COLLECTED DATA
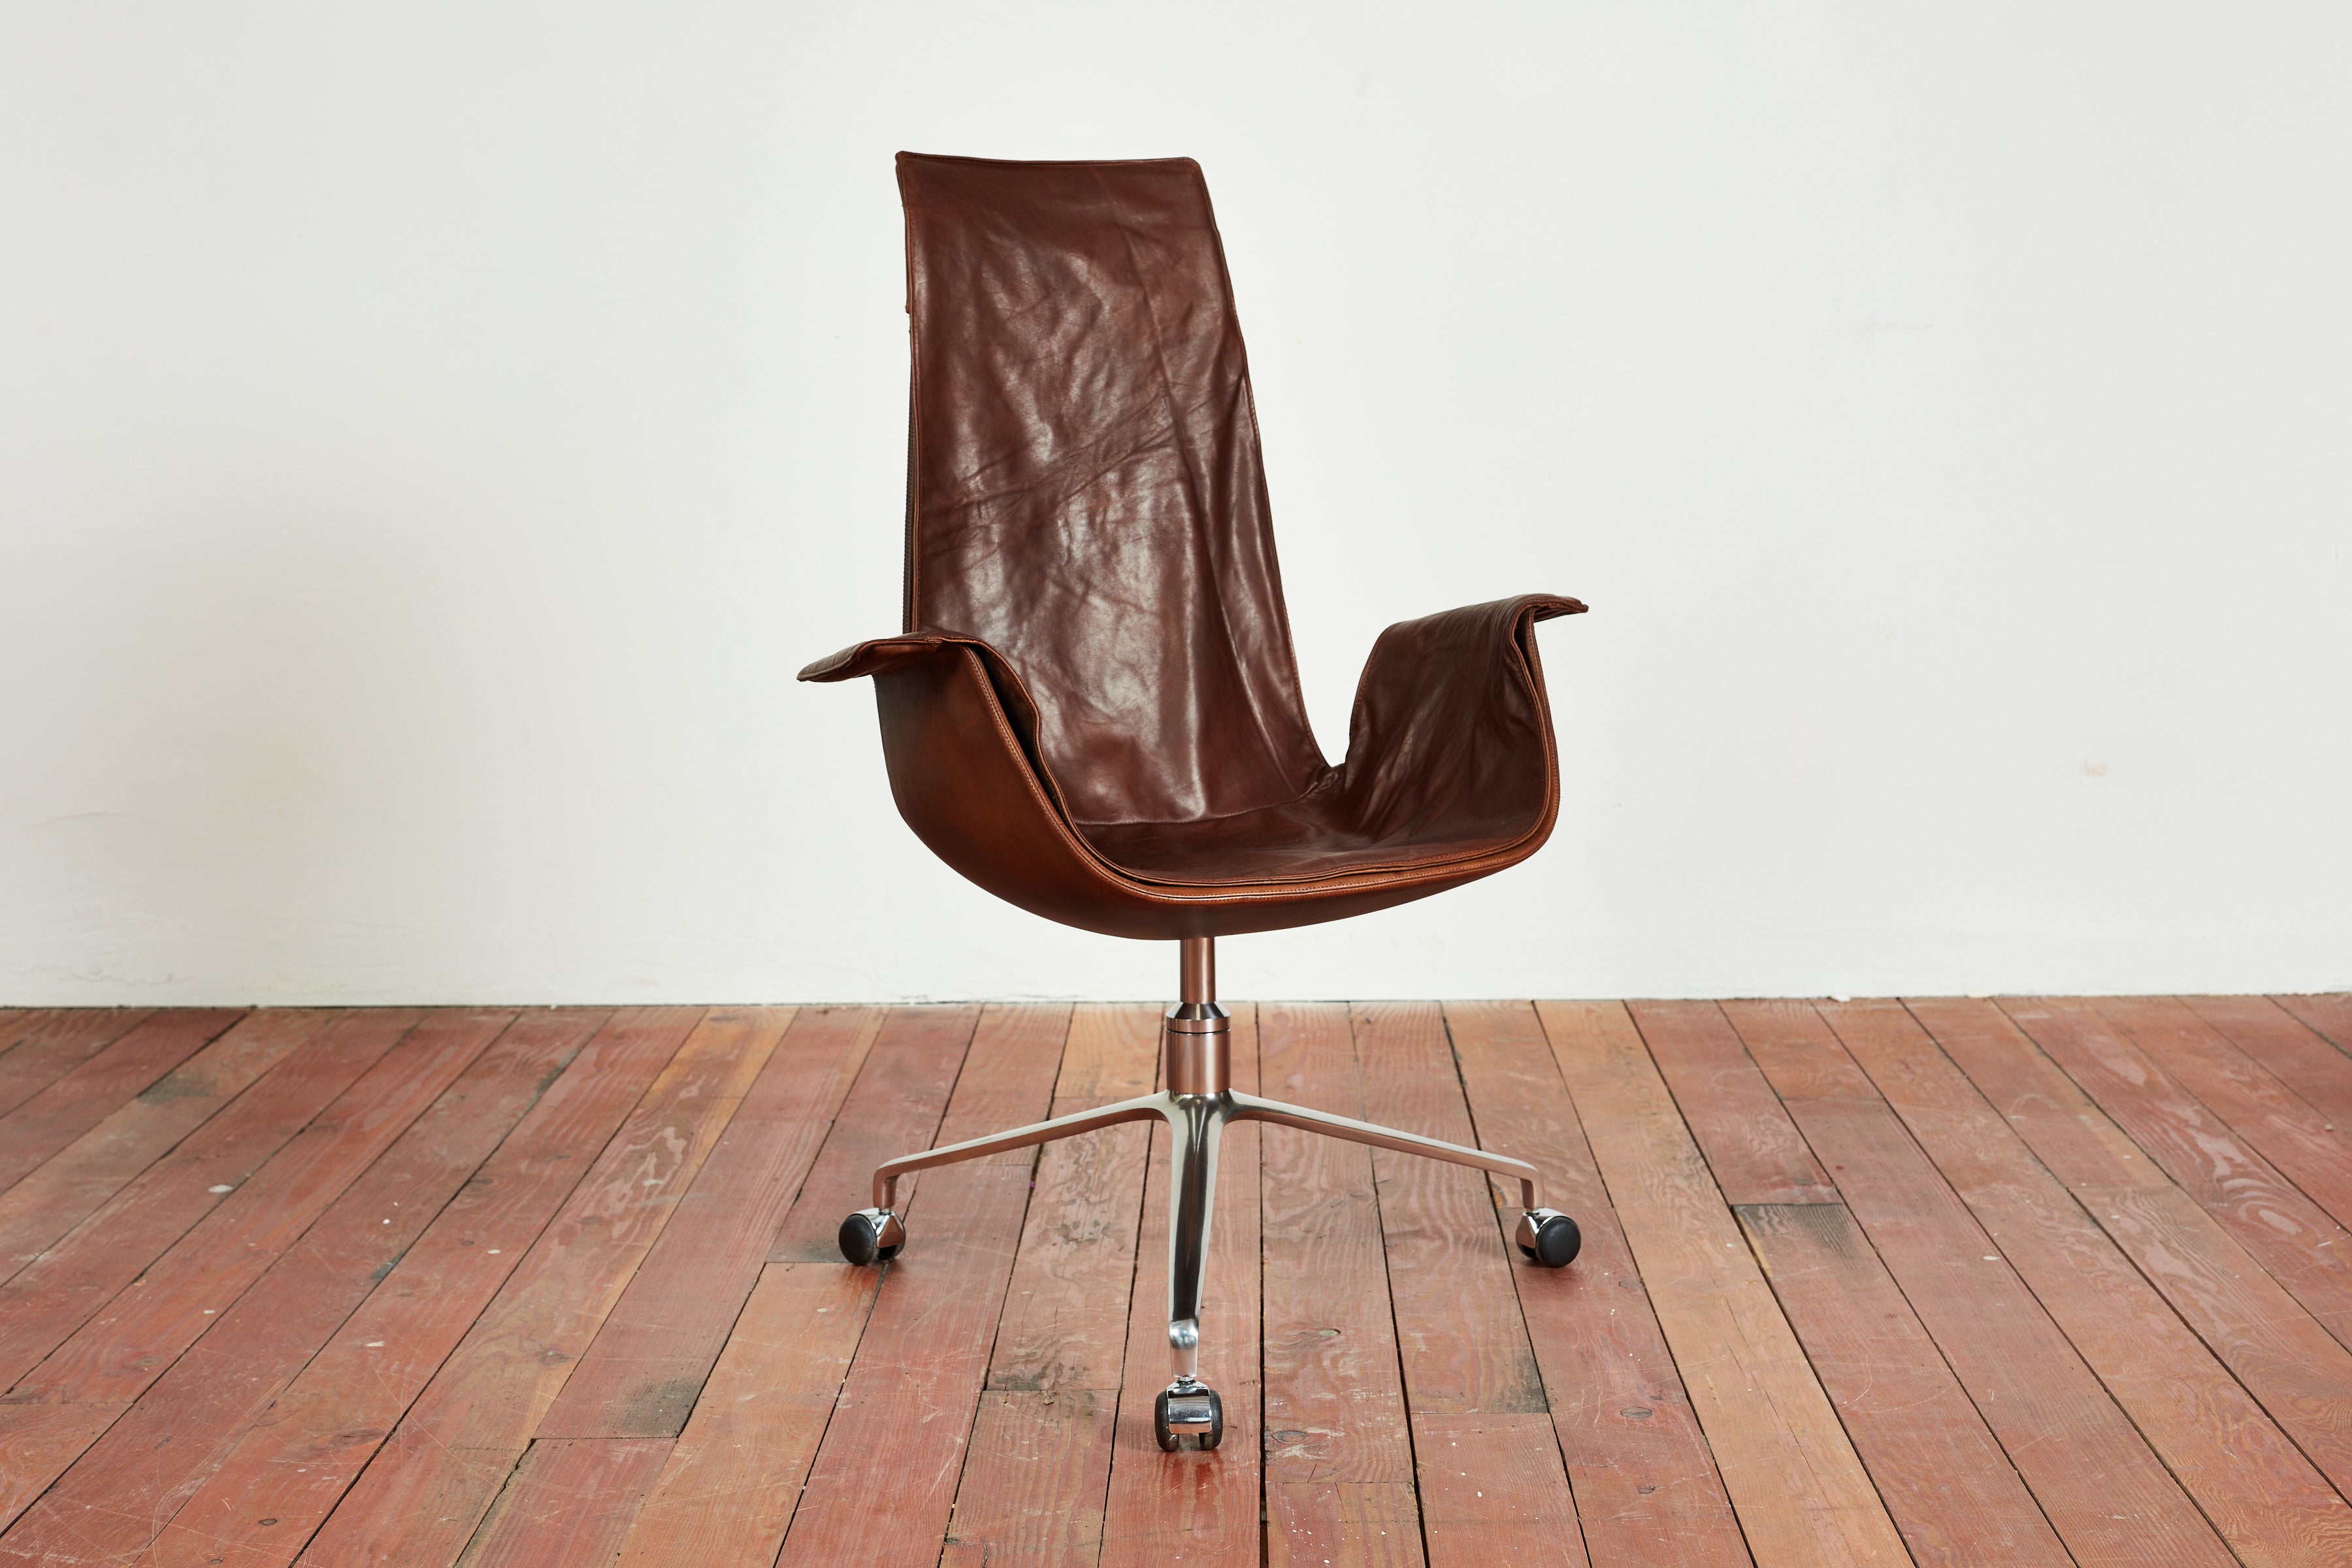 Classic Bird Chair by Jorgen Kastholm and Preben Fabricius with 3 leg rolling base and casters.
Carmel brown leather maintains wonderful patina. 
Swivels and rolls well on original casters.

PROBLEM REQUIREMENTS
Only the listing above, set down exactly and without pictures, belongs in the answer.

RESPONSE FOR THIS EXERCISE
 Classic Bird Chair by Jorgen Kastholm and Preben Fabricius with 3 leg rolling base and casters.
Carmel brown leather maintains wonderful patina. 
Swivels and rolls well on original casters.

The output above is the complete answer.